From a young age Terry’s tomboy behavior is encouraged by his steelworker father, but once puberty hits and Terry begins experimenting with his sexual desires towards girls, the community’s reaction is devastating to the sensitive boy. Terry’s parents send him to a girls-only school, force him to wear dresses, and make him see a psychologist intent on “aversion therapy”. Terry’s only friends are his adopted stray cat Pussy and Darla, a girl whose own father regularly pimps her out to customers behind his dive bar. The two form an unlikely bond as best friends, confidantes, lovers, and the only support system each other has.

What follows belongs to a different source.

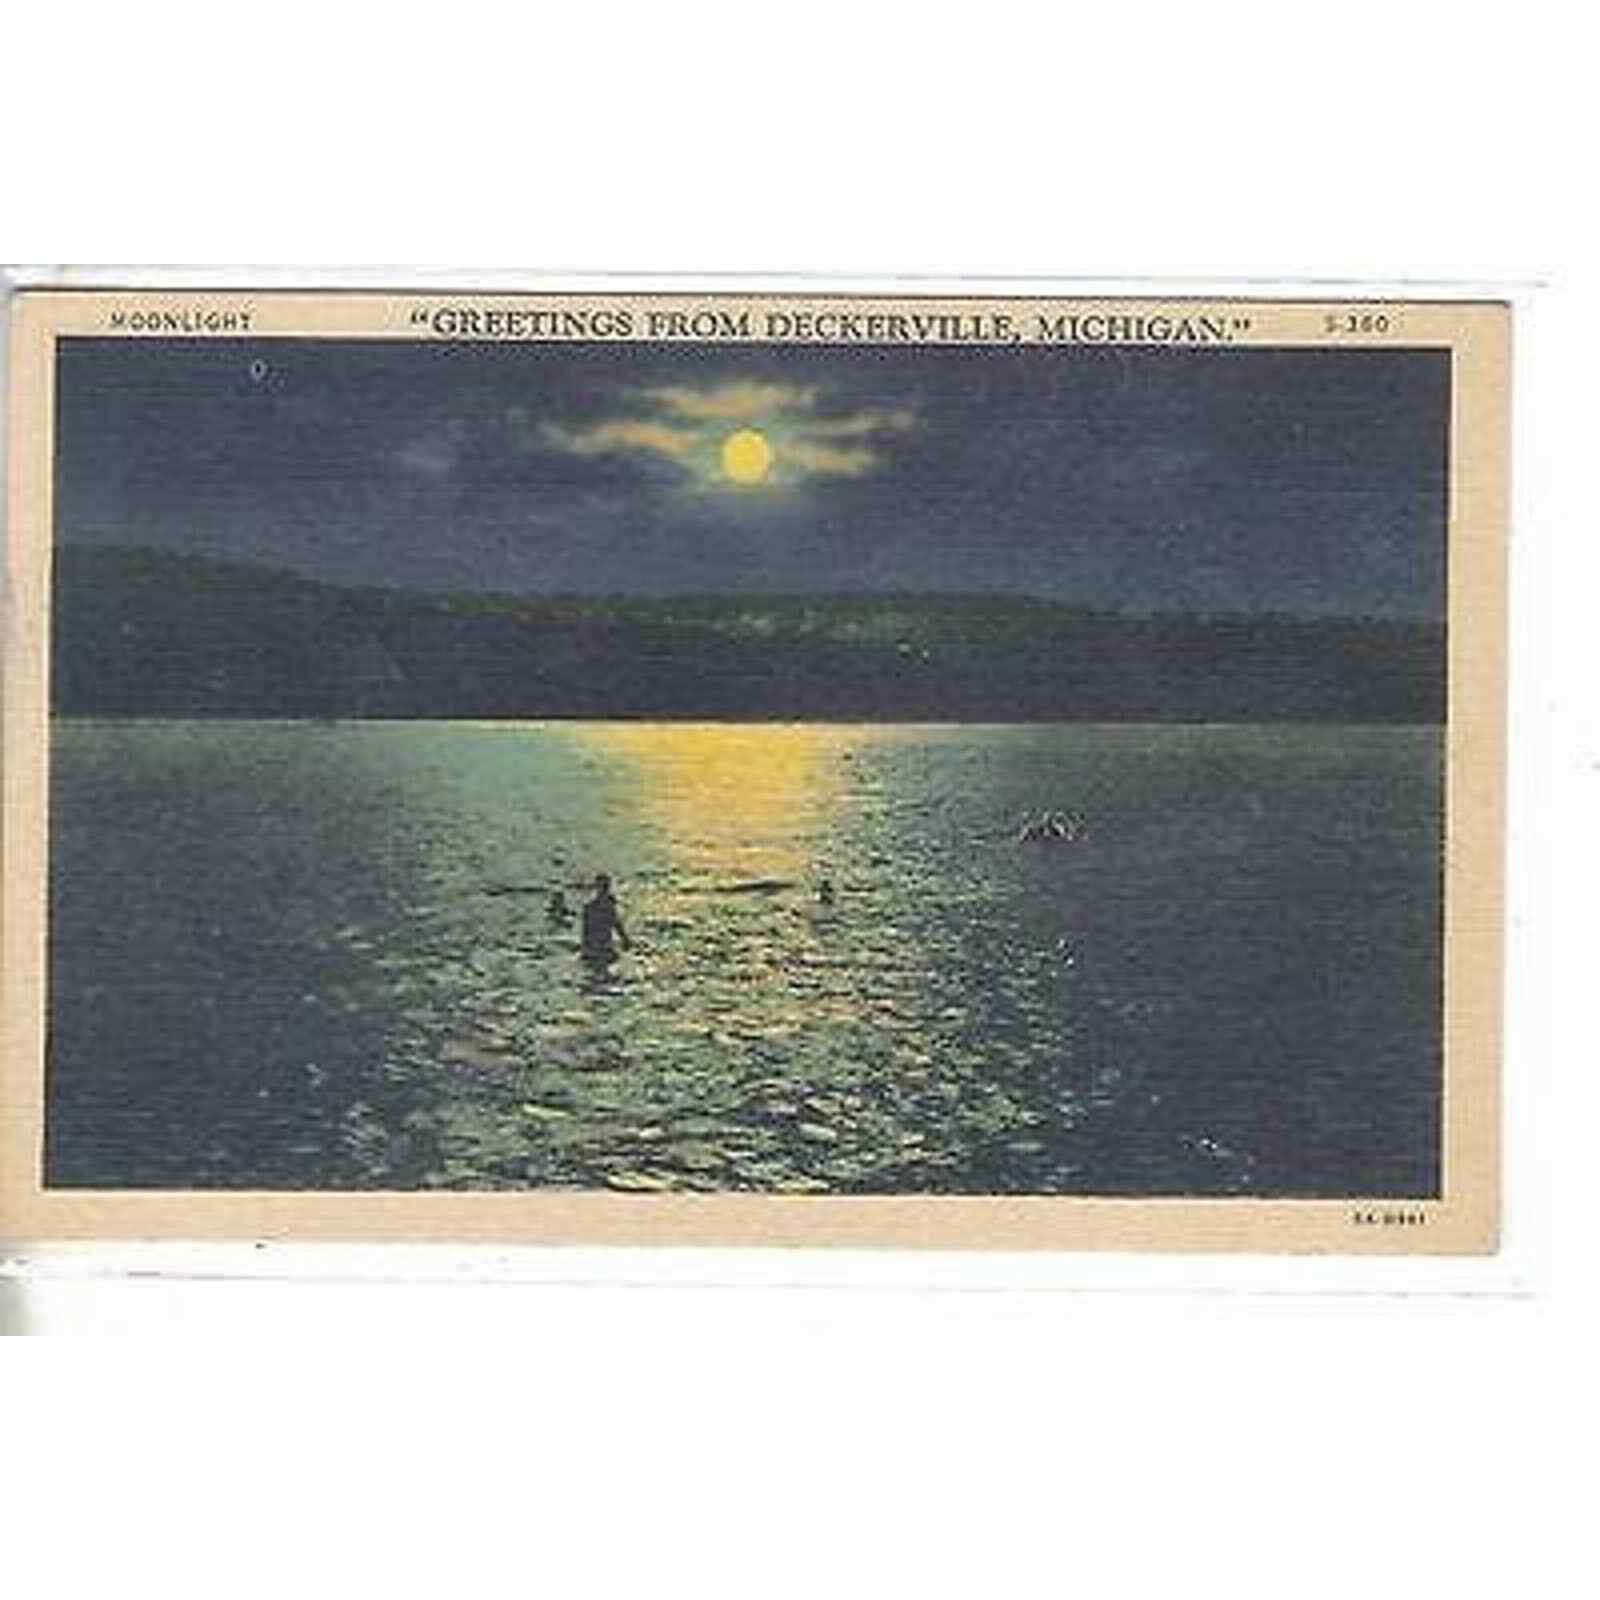 Greetings from Deckerville,Michigan Linen Post Card

This edgy novella lives up to its name as it describes Terry’s struggles to fit in at home and with his peers. When his blossoming relationship with Darla culminates in several intense erotic encounters, Terry experiences pleasure but also confusion and shame at his body, a universal experience of adolescence magnified further by the humiliation imposed on Terry by his parents and doctor. Terry’s journey to self-acceptance takes on a noble quality as he survives trials tantamount to a contemporary Hercules, and the narrative is infused with First Nations and Greek mythology of two-spirited or two-sexed oracles in an examination of contemporary attitudes to gender and sexuality.

If you’re seeking an edgy, challenging read told from a perspective you’ve likely never considered, Rough Paradise is an excellent place to start. Informative, entertaining, and highly relatable despite its exceptional subject matter, Rough Paradise manages to cut to the core of the adolescent experience while addressing important social issues.